Framework for implementing and evaluating trace similarity metrics. Setup is tested on linux systems, but should be straightforward using utilities listed below.
- Maven
- Java 8+
- gunzip
git clone https://github.com/backco/tracesim.git
gunzip logs.tar.gz
tar -xf logs.tar
Note: argument order plays no role. Experiments will be run for the Cartesian product of event logs, similarity metrics, and evaluation measures. That is, for every log listed, every similarity metric listed will be evaluated with respect to every evaluation measure listed.
mvn compile exec:java -Dexec.mainClass="com.co.back.evalumetric.EvalumetricMain" -Dexec.args="--input=<PATHS-TO-EVENT-LOGS> --output=<OUTPUT-FILE> <SIMILARITY-METRICS> <EVALUATION-MEASURES>"
Note that evalumetric can write results directly to a MySQL database if credential are provided. Currently these must be set directly in code. It assumes the presence of a results
table with the following schema: TODO
--input=<COMMA-SEPARATED-FILENAMES> Event log to evaluate, should be absolute paths, comma separated
--output=<OUTPUT-FILE> Output file to write results to
--help Print help prompt
--ngramcosine:n=<N> n-gram embedding with cosine distance
--ngrameuclidean:n=<N> n-gram embedding with Euclidean distance
--eventuallyfollowsdelias Weighted eventually-follows due to Delias et. al
--mrcosine Maximal Repeat embedding with cosine distance
--smrcosine Super Maximal Repeat embedding with cosine distance
--nsmrcosine Near Super Maximal Repeat embedding with cosine distance
--mreuclidean Maximal Repeat embedding with Euclidean distance
--smreuclidean Super Maximal Repeat embedding with Euclidean distance
--nsmreuclidean Near Super Maximal Repeat embedding with Euclidean distance
--editlevenshtein Levenshtein edit distance
--editlevenshteinnorm Levenshtein distance normalized
--editgeneric Generic edit distance (currently omitted due to licensing)

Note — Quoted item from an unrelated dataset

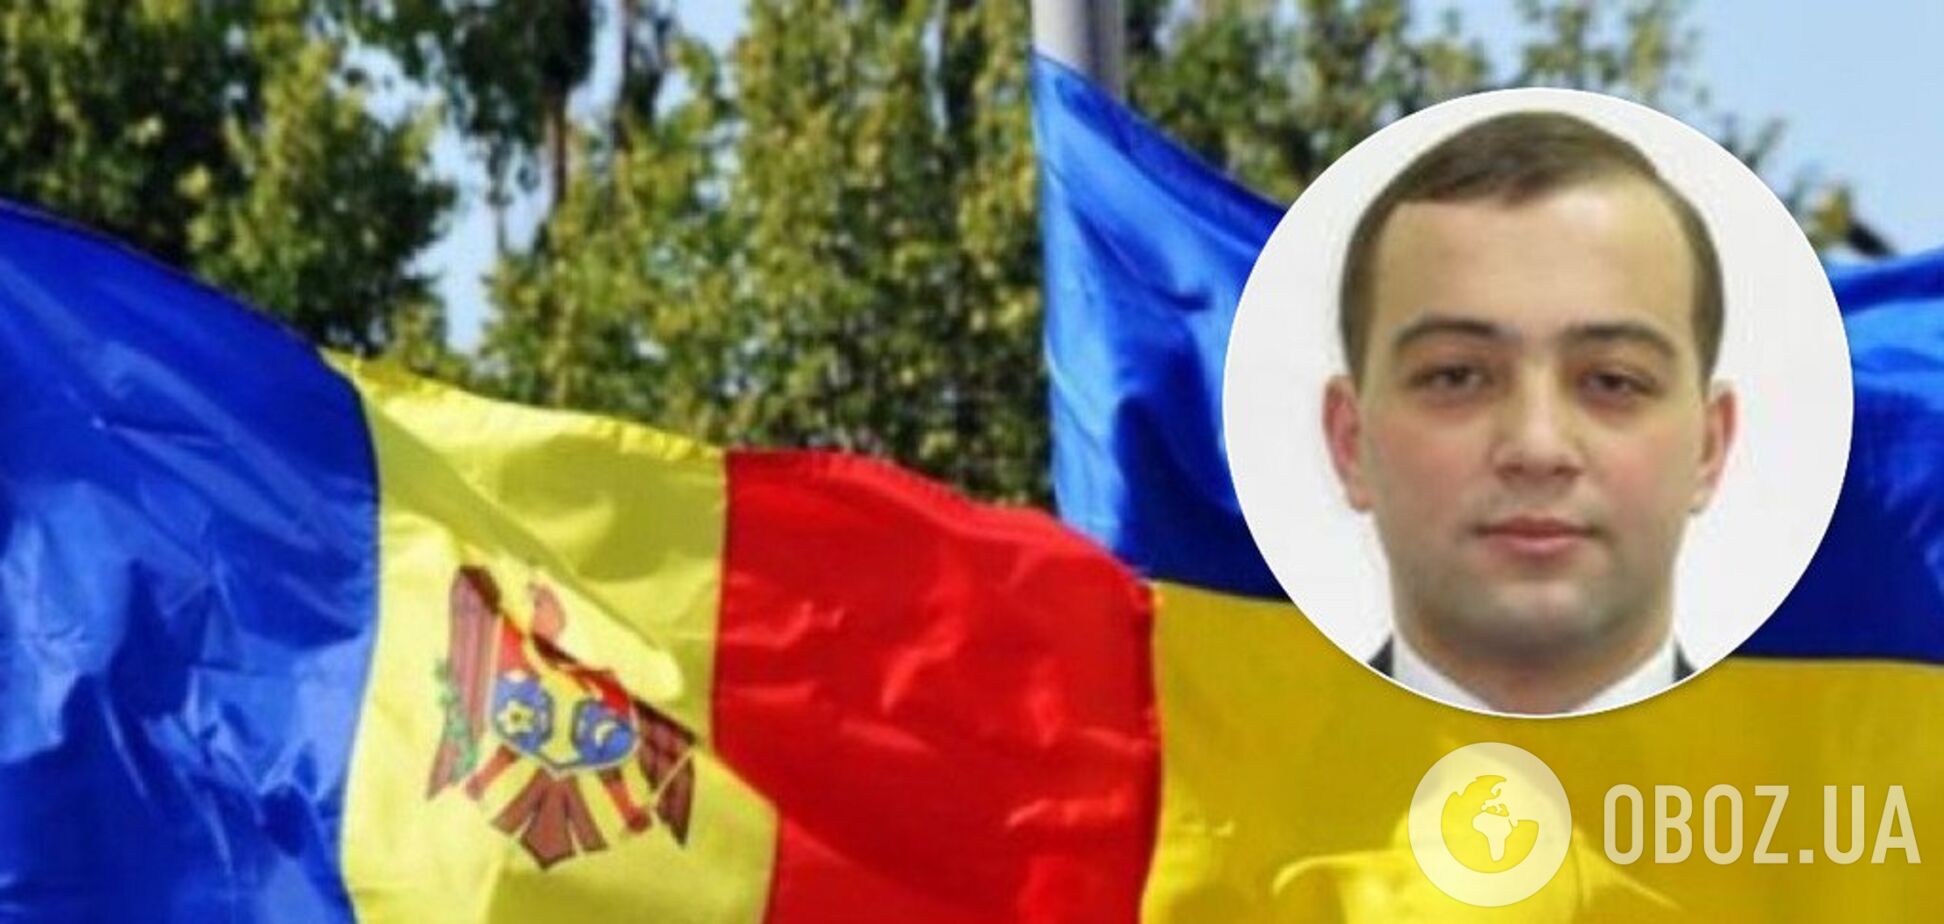 Віддати румунам частину України: в мережі розігнали фейк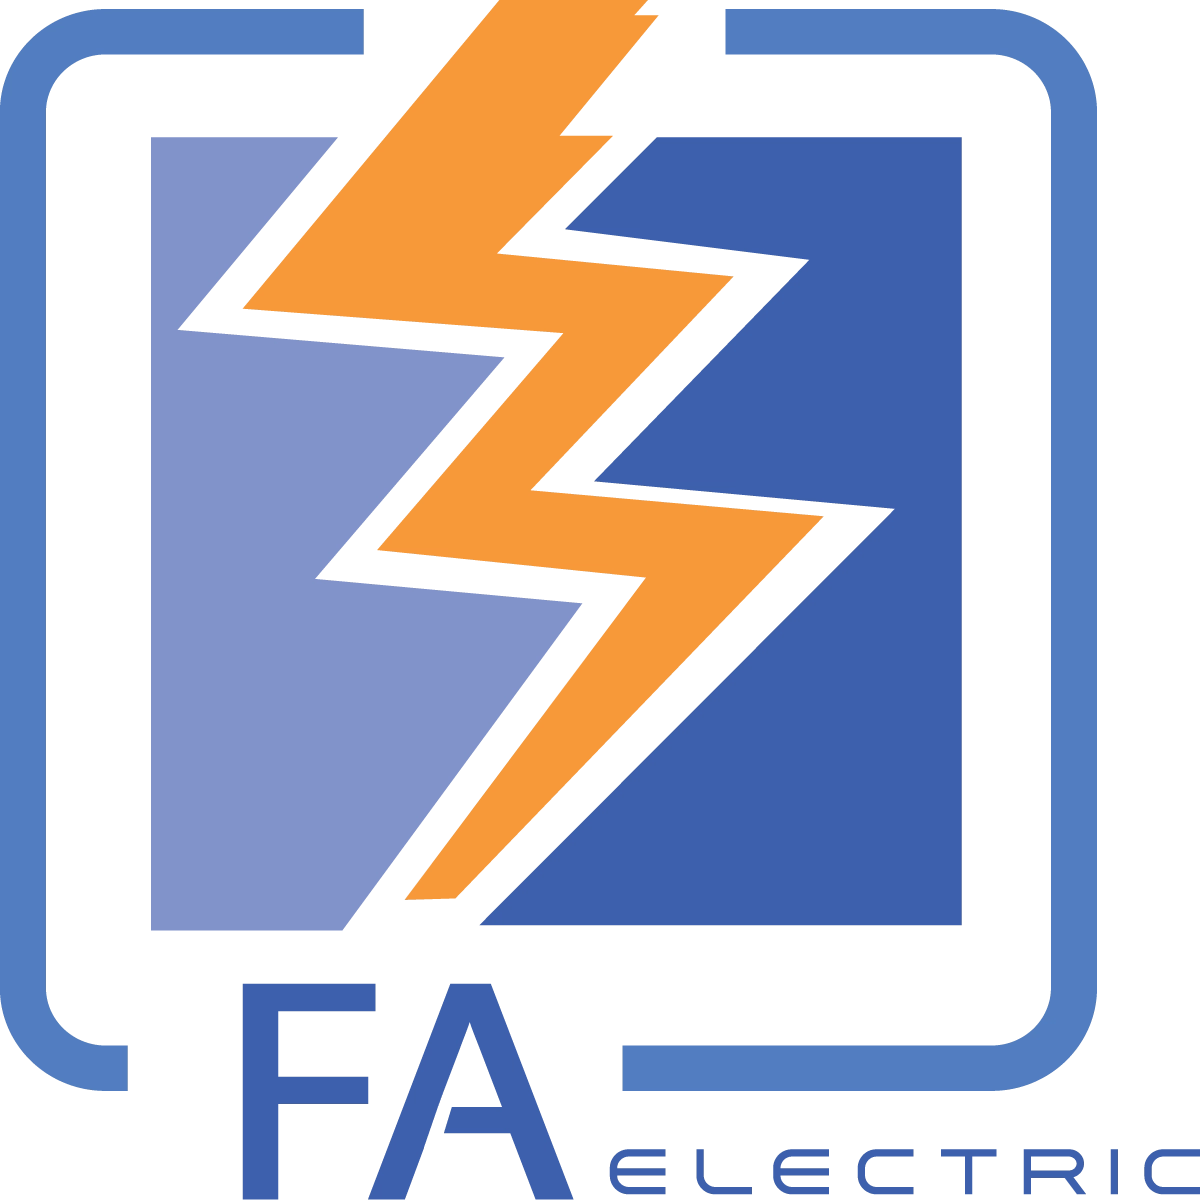 FA Electric Logo

--alignmentnw Alignment using Needleman-Wunsch algorithm - raw match count
--alignmentnwf1 Alignment using Needleman-Wunsch algorithm - F1 score
For all evaluation measures, sample=
should be a value between 0.0 and 1.0.
--precisionatk:k=<K>,sample=<RATIO> Precision@K, set k=1 for nearest neighbor
--silhouette:sample=<RATIO> Silhouette evaluation measure
--tripletbased:sample=<RATIO> Triplet based evaluation measure
Run all experiments for the Artificial Photo Copier Event Log. Sample ratio of 1.0 for all evaluation measures, i.e. sample the entire log, all possible triplets:
mvn compile exec:java -Dexec.mainClass="com.co.back.evalumetric.EvalumetricMain" -Dexec.args="--input=/root/evalumetric/logs/Photocopier/Photocopier.xes --ngramcosine:n=1 --ngramcosine:n=2 --ngramcosine:n=3 --ngrameuclidean:n=1 --ngrameuclidean:n=2 --ngrameuclidean:n=3 --editlevenshtein --editlevenshteinnorm --alignmentnw --alignmentnwf1 --eventuallyfollowsdelias --mrcosine --mreuclidean --smrcosine --smreuclidean --nsmrcosine --nsmreuclidean --precisionatk:k=1,sample=1.0 --precisionatk:k=10,sample=1.0 --silhouette:sample=1.0 --tripletbased:sample=1.0 --output=output.txt"
Implementation of generic edit distance has been omitted from this repository due to licensing restrictions, but can be found at:
Note that running all experiments with the sample ratios reported in the paper is very resource and time intensive.